The fertile domain of digital library research can be seen as a midwife in the transformation of physical libraries (static objects organized according to constraints of geographic location and physicality) to information streams, created, directed, diverted and constrained by social, economic and technological processes that are in some ways the same and in others, radically different. Metadata can be thought of as a lubricant for information flow, easing the difficulty of discovery and organization of resources. It can also serve as a nozzle -- directing, channeling, and focusing information flow to make it more manageable and effective. The authors and editors of this special issue hope to help illuminate how technological change and global electronic intimacy change practice and opportunity in this rapidly evolving arena.

This issue of the Journal of Digital Information evolved in cooperation with the organizers and the program committee of DC-2001, the International Conference on Dublin Core and Metadata Applications held in Tokyo, Japan. JoDI is grateful for this cooperation, bringing important ideas concerning metadata to the attention of its readership in this focused way. The DC-2001 organizers are also grateful to have this collection of articles from the conference brought before an International readership that furthers the reach and impact of the event.

Common interests were identified and activities coordinated in an early phase, leading to a large degree of shared peer review for the conference presentations and the JoDI issue. Additional review and revision cycles resulted in the selection of eight among more than 50 total submissions to the conference track. Compared with the versions of the papers published in the conference proceedings, the authors of the selected papers had additional opportunity to revise and adapt papers to the specifications of JoDI reviewers and to the interests of the JoDI audience.

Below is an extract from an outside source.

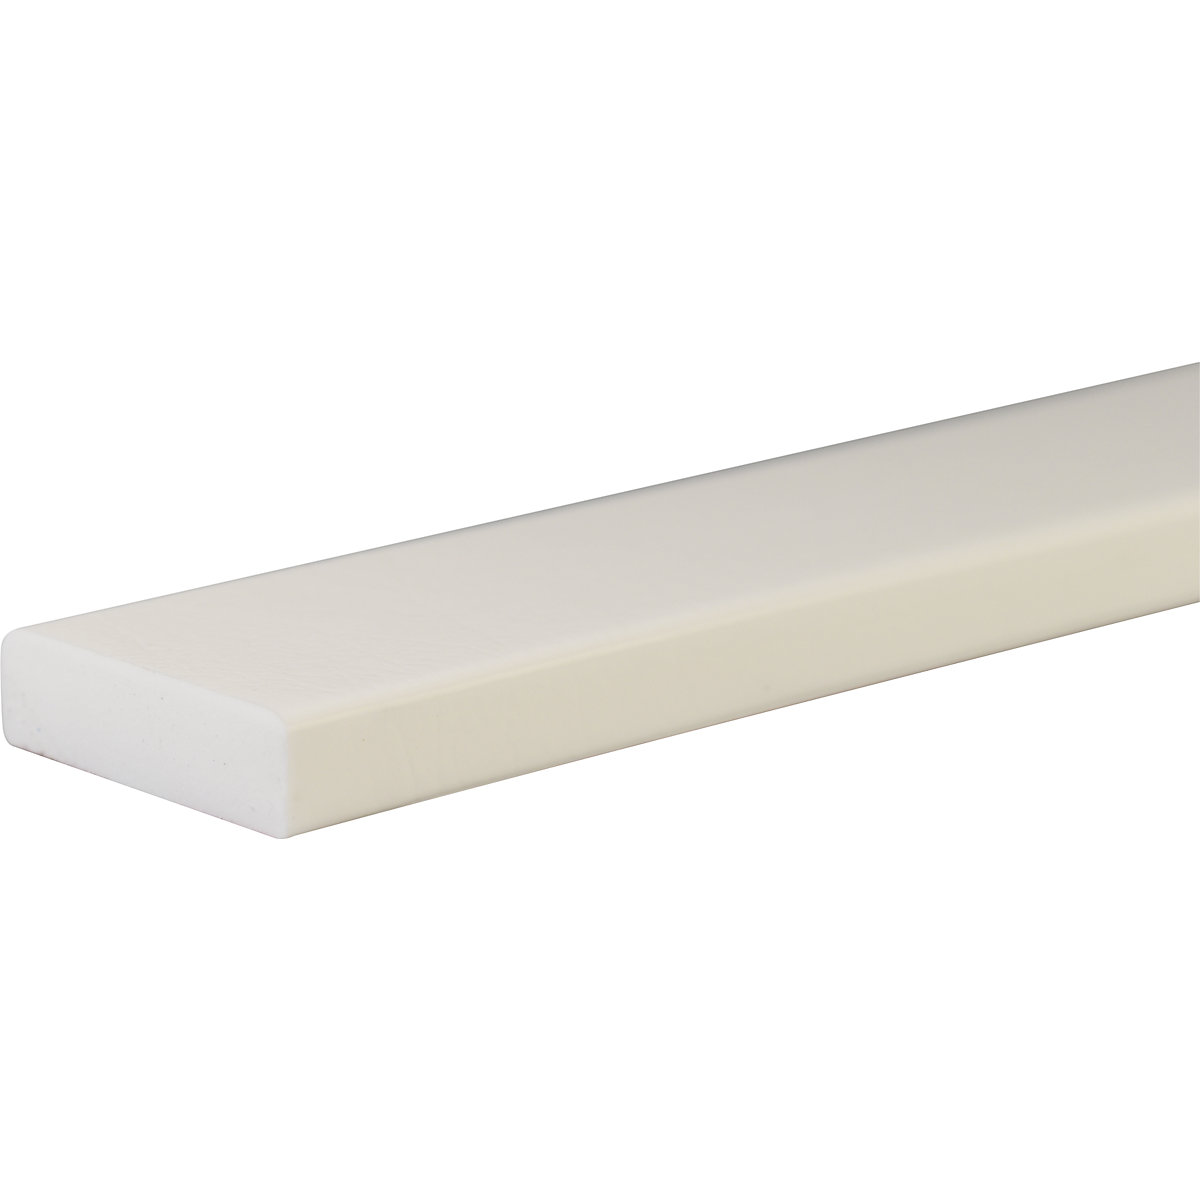 Protection des surfaces Knuffi® – SHG, type S, pièce de 1 mètre, blanc-32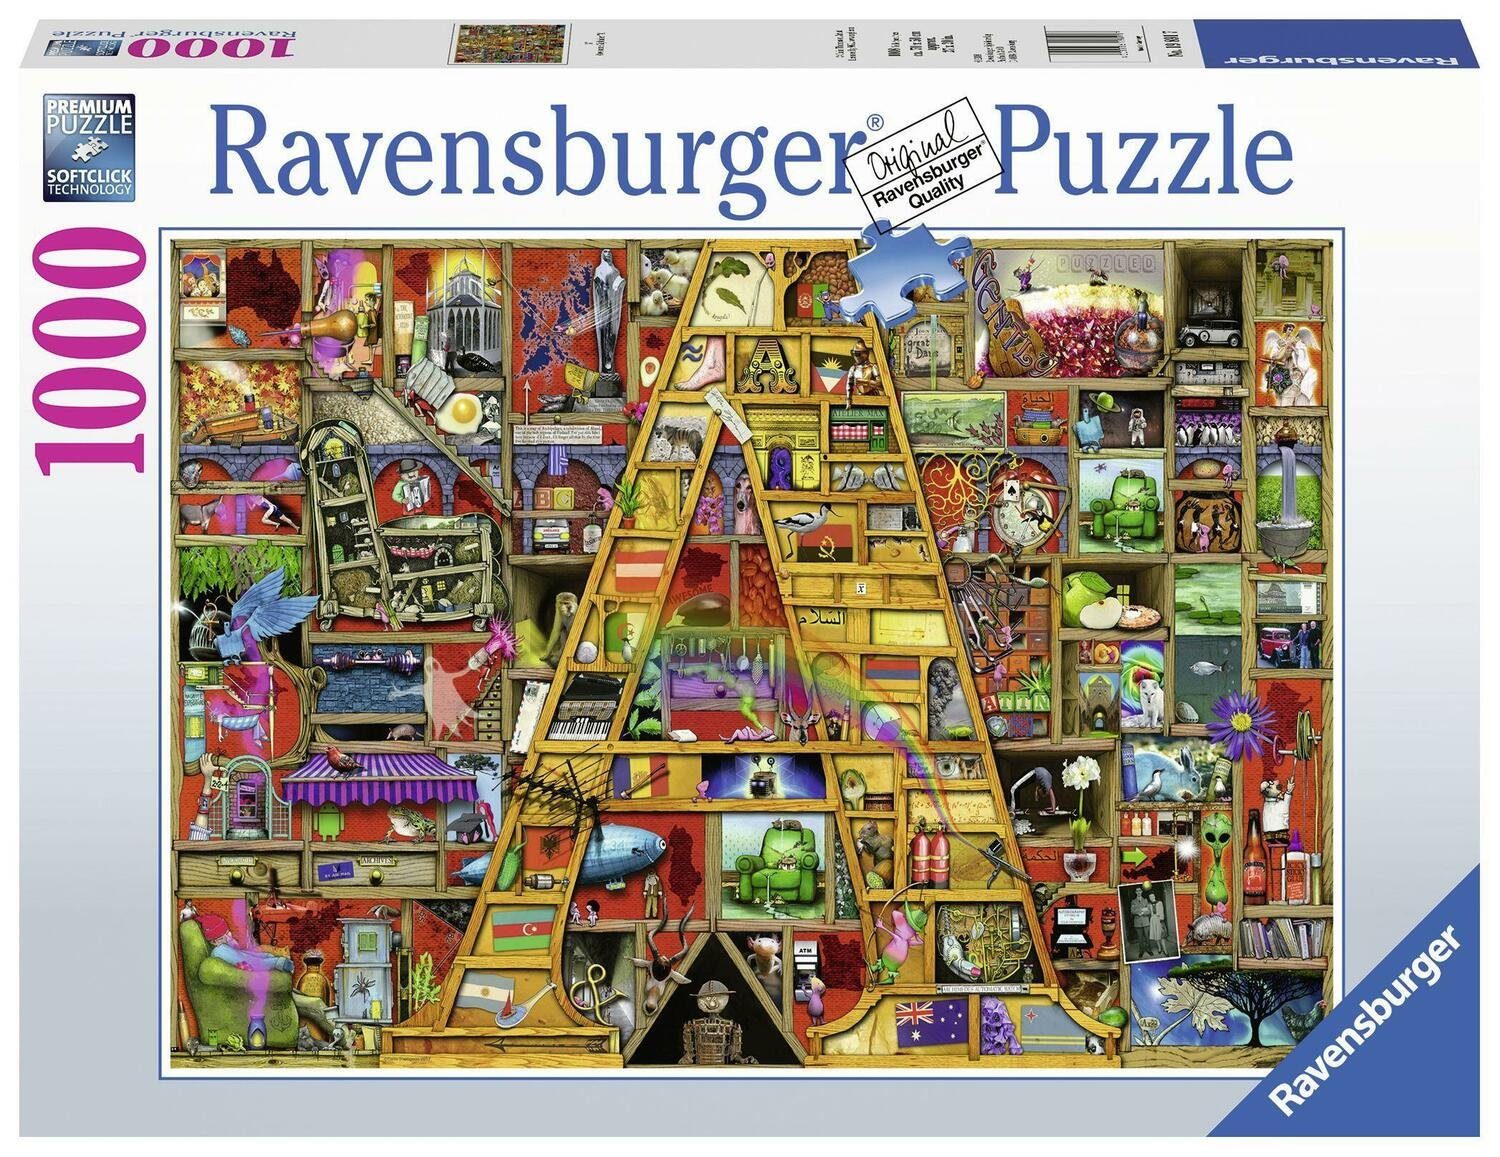 Ravensburger Puzzle Awesome Puzzleteile 1000 1000 "A". Alphabet Puzzle Teile

Conferences and journals have related, but separate and complementary goals. One of the objectives of the DC-2001 conference was to attract reports on pilot projects and the early experiences of practitioners, and bring these practitioners together. The conference papers included many good papers presenting efforts to construct domain-specific metadata profiles or exploring various practical dimensions of metadata applications. The contributions in this special issue focus instead on metadata models, querying of metadata, an architecture for a specific application area, and a first empirical study of experiences with metadata creation.

The papers by Lagoze/Hunter and by Kunze represent two extremes along a scale of increasing complexity in metadata models for different applications.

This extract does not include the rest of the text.